## What you are asked to do
Restate the data exactly as given and keep the pictures out.

*** Supplied material Section Begins ***

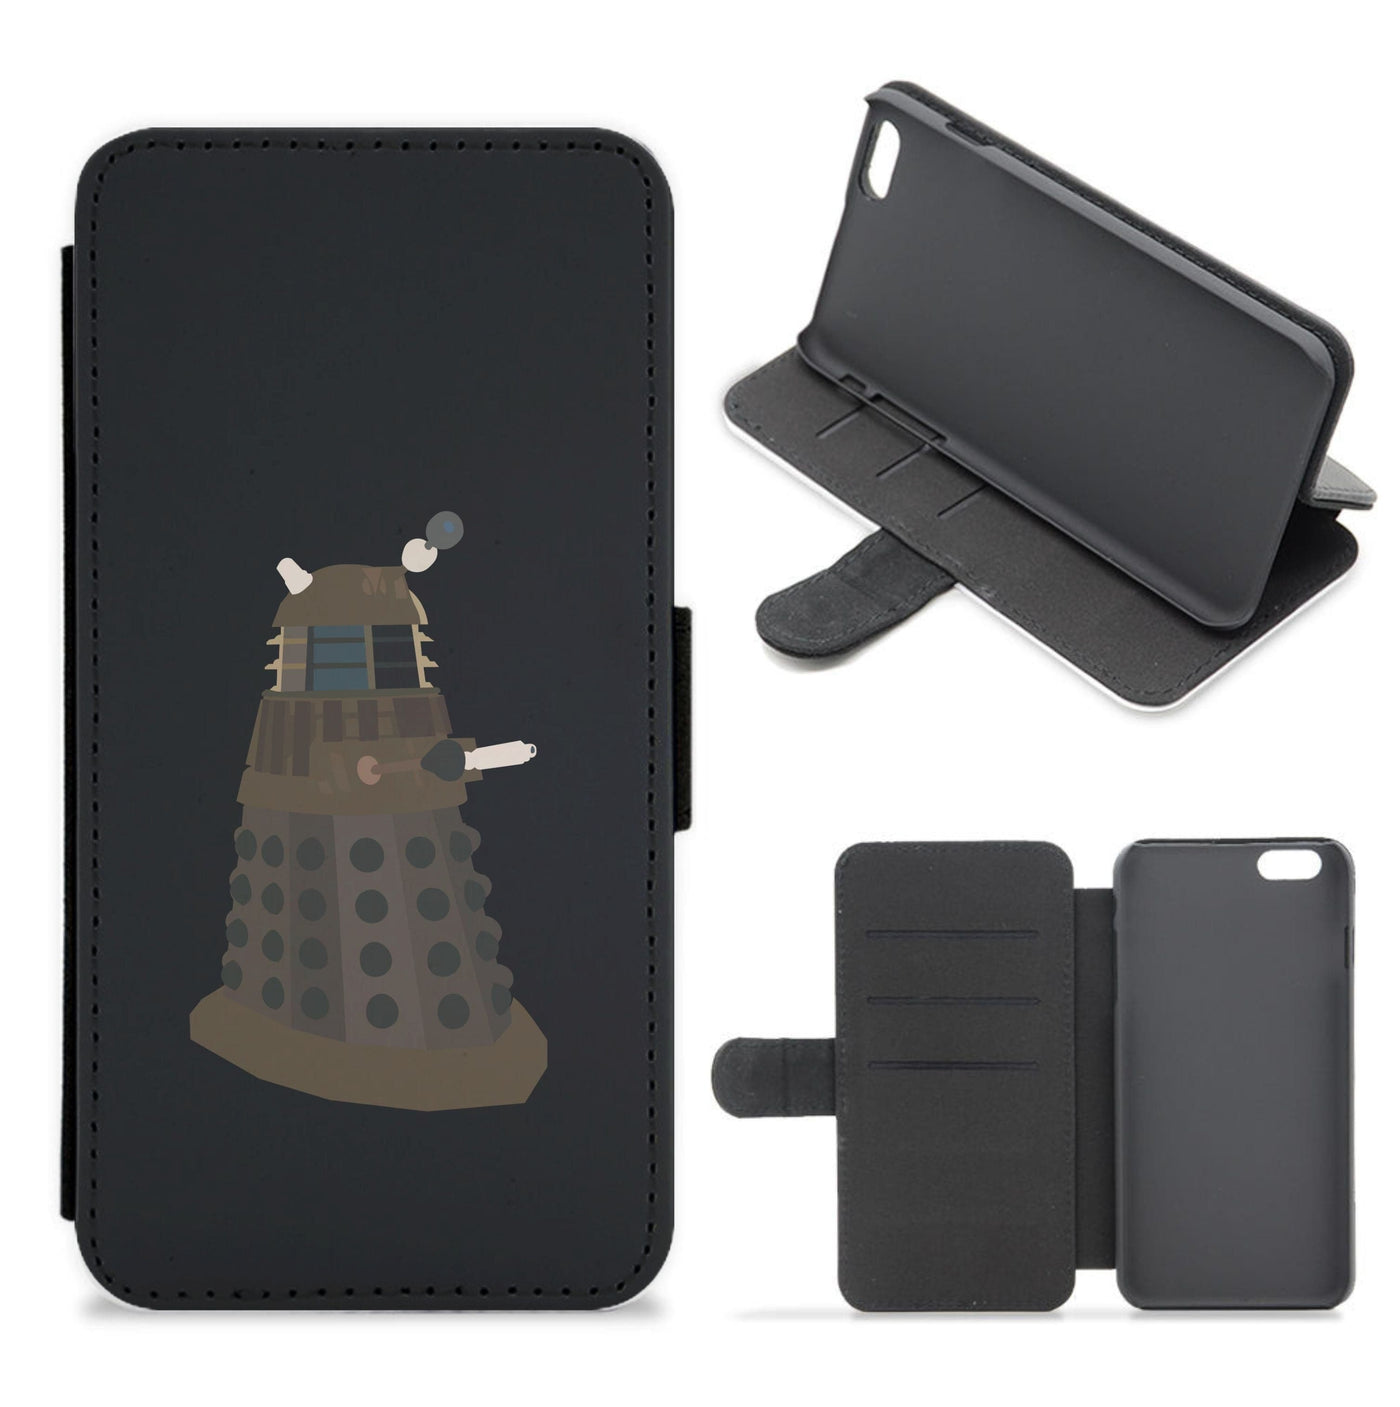 Dalek - Doctor Who Flip / Wallet Phone Case
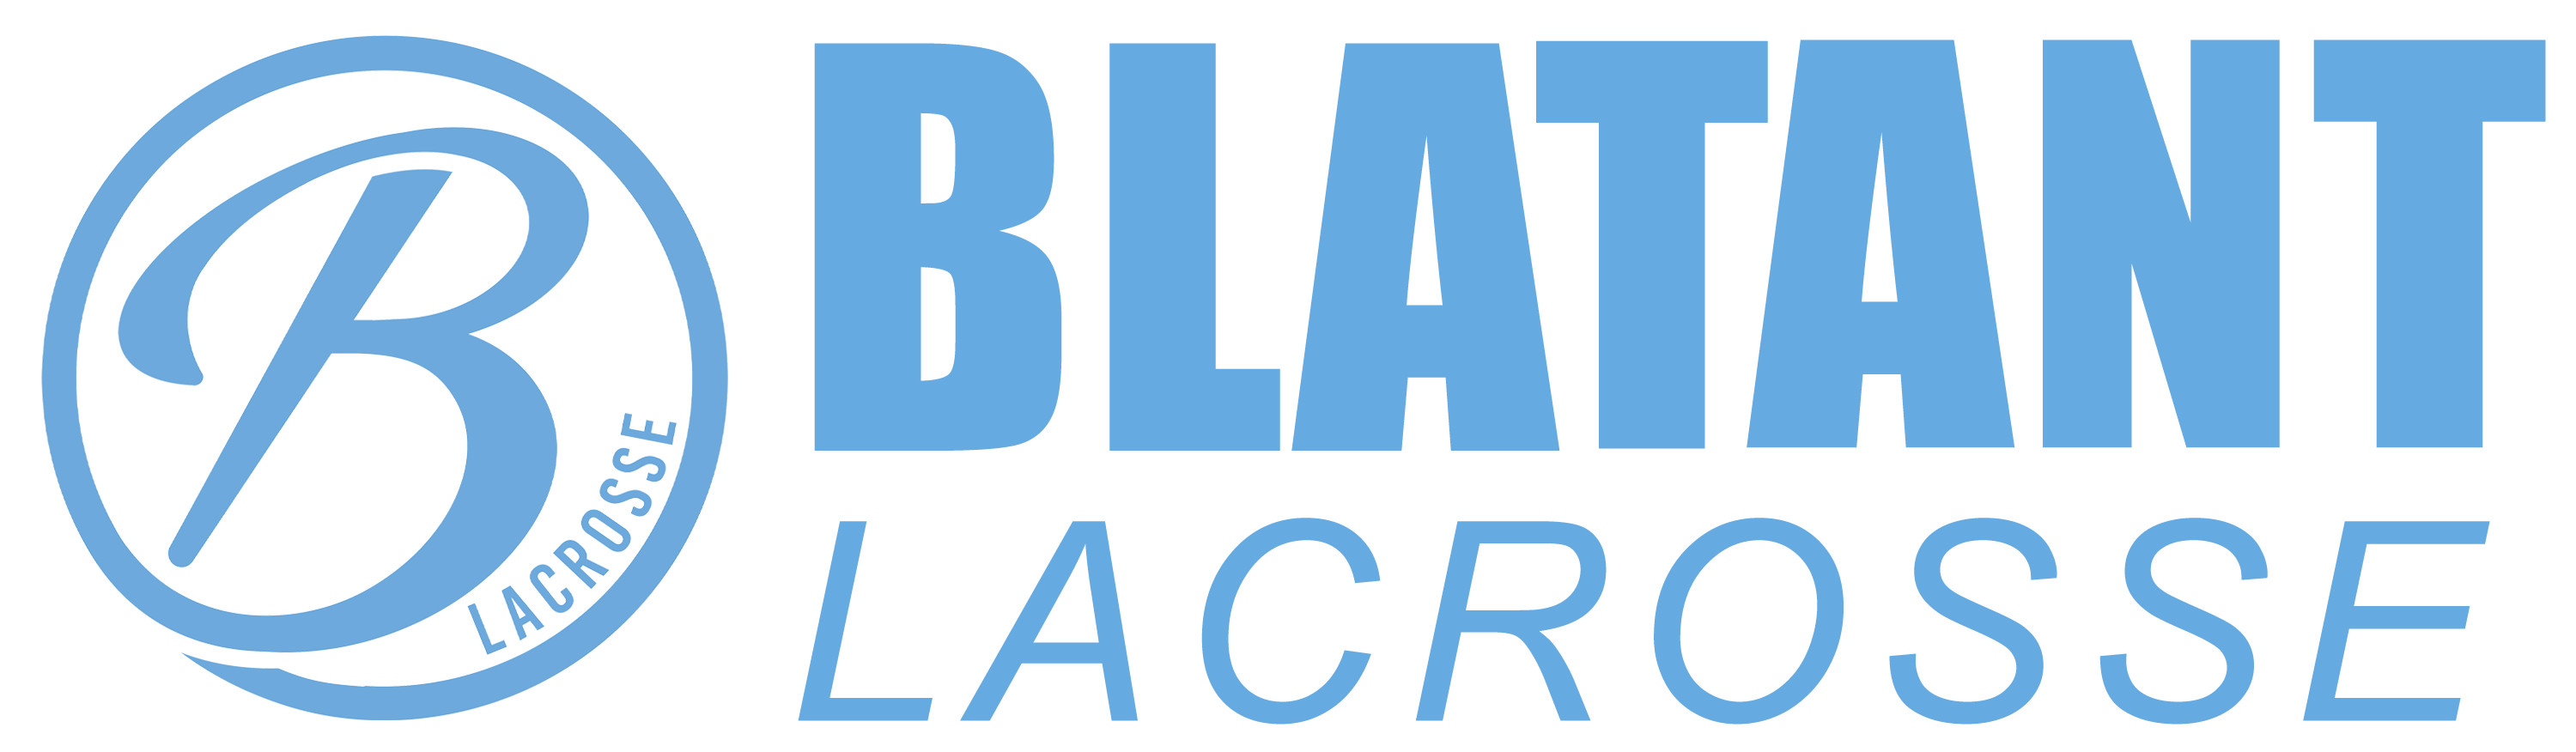 blatant-lacrosse-logo
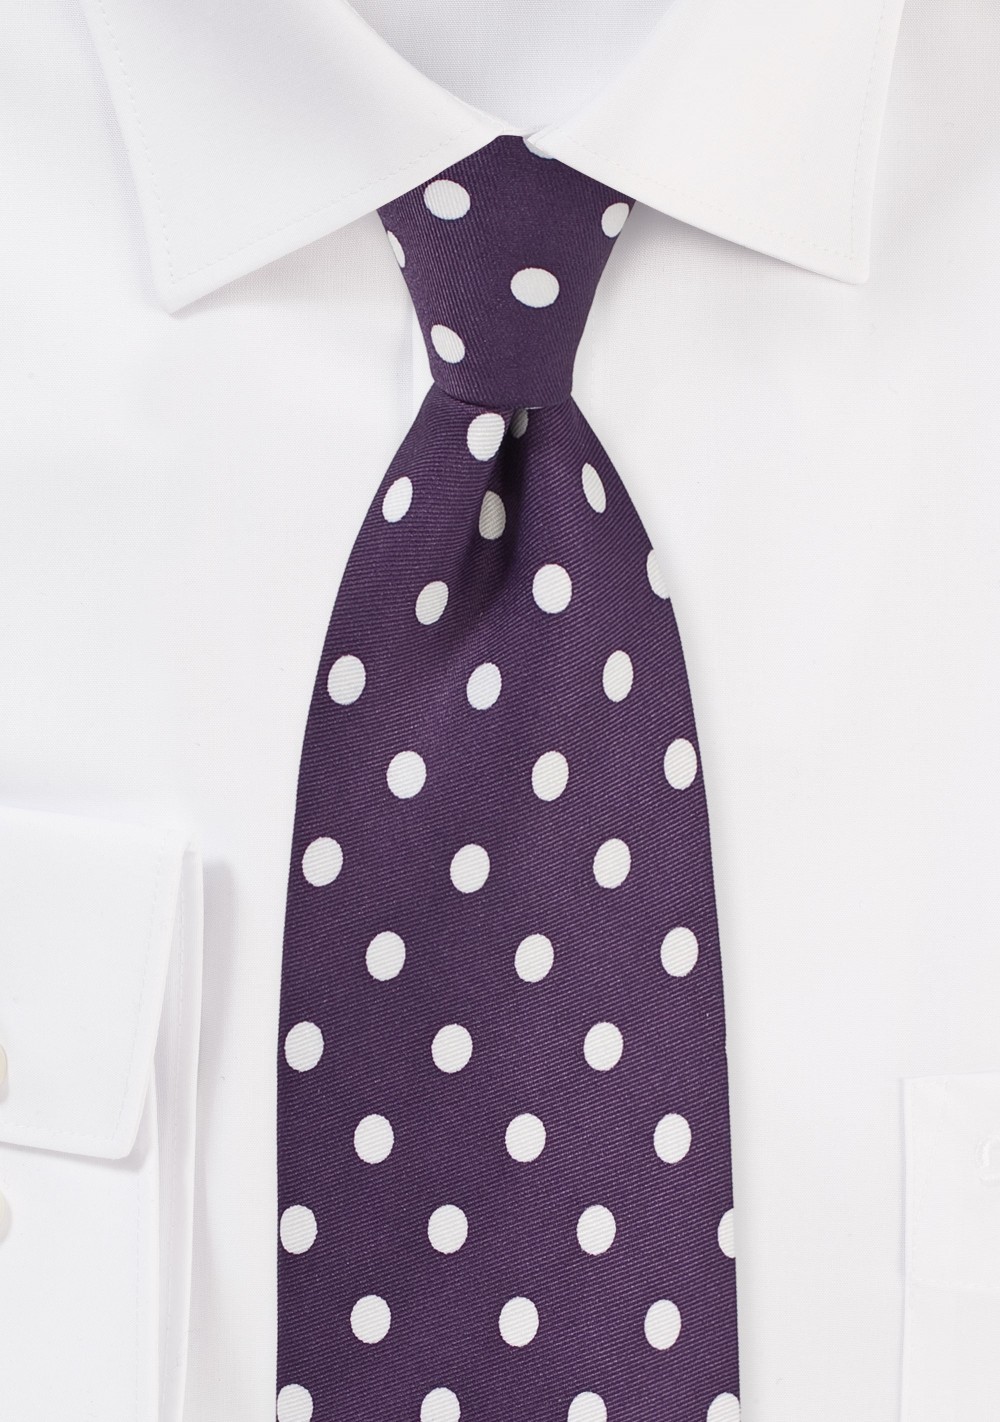 Plum Purple Tie with White Polka Dots
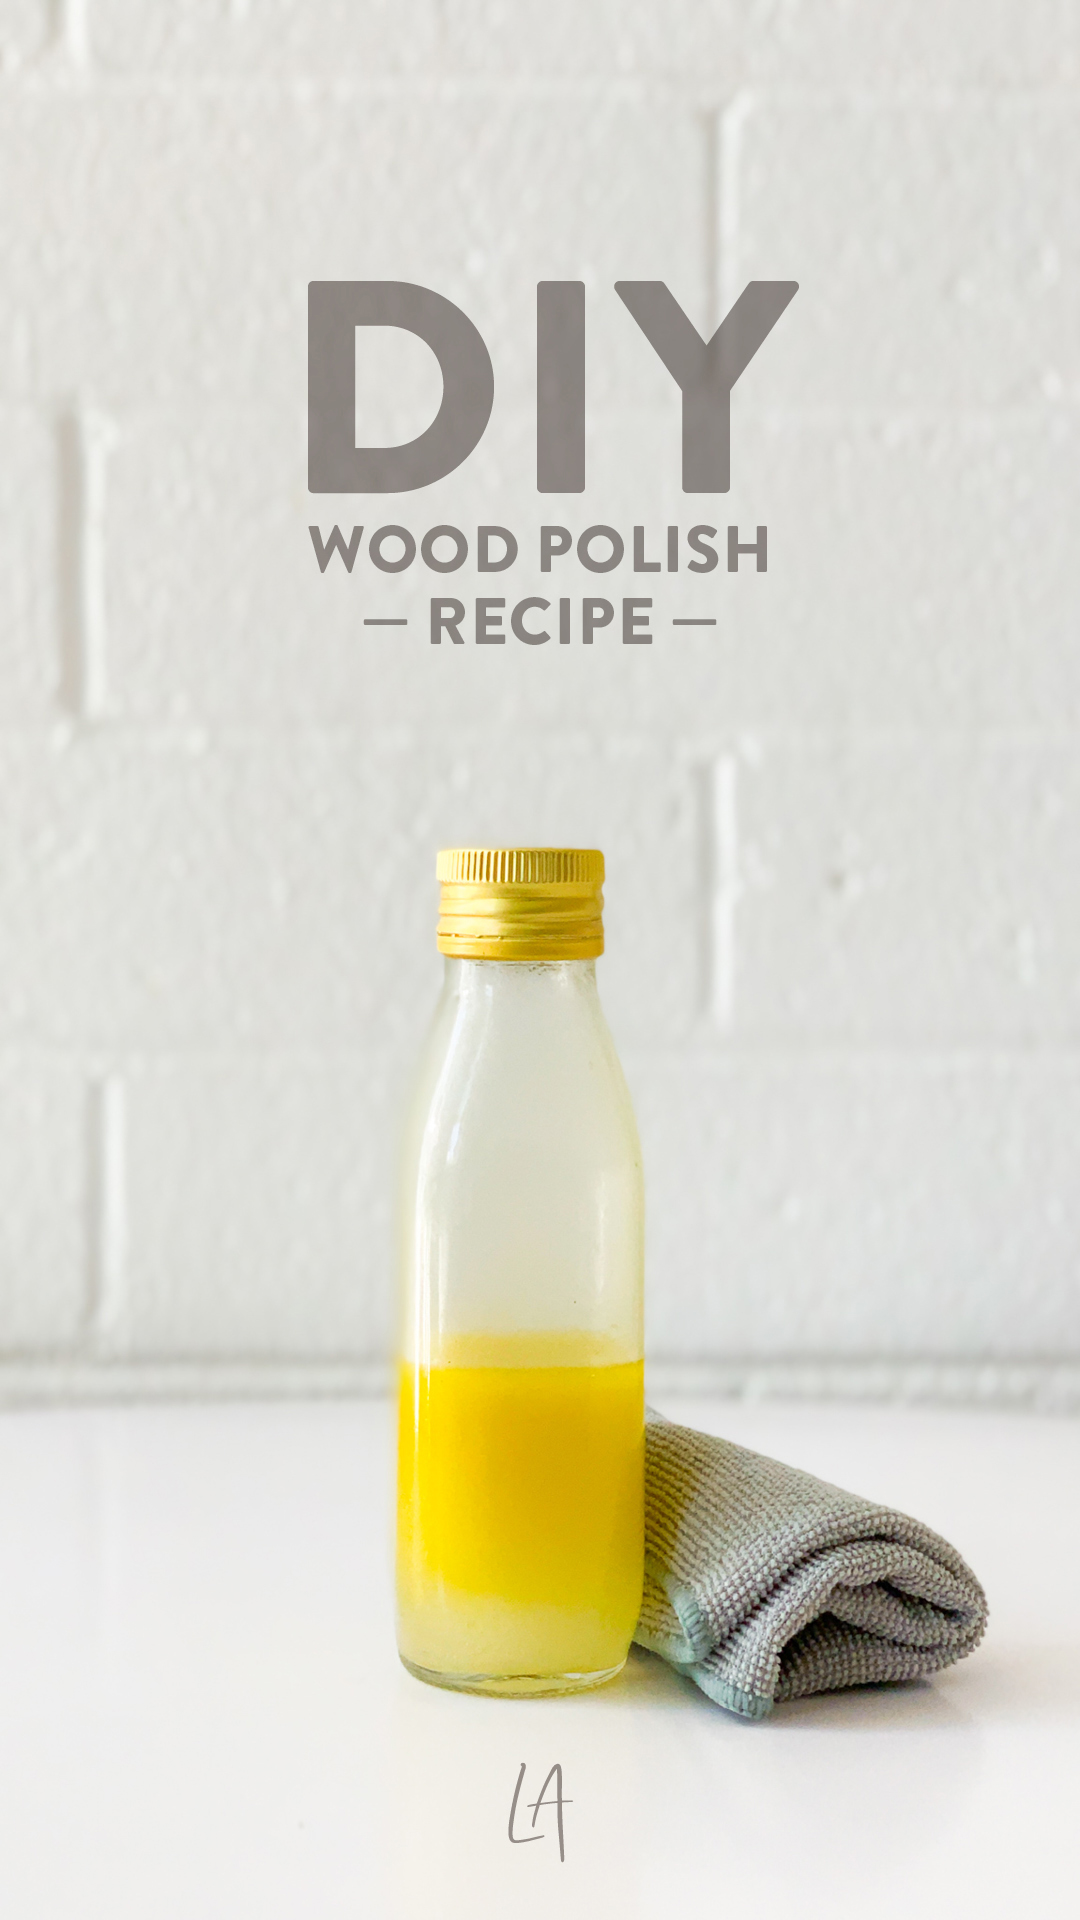 DIY Wood polish recipe

*** Supplied material Section Ends ***

## Reply
 Dalek - Doctor Who Flip / Wallet Phone Case
 blatant-lacrosse-logo
 Plum Purple Tie with White Polka Dots
 DIY Wood polish recipe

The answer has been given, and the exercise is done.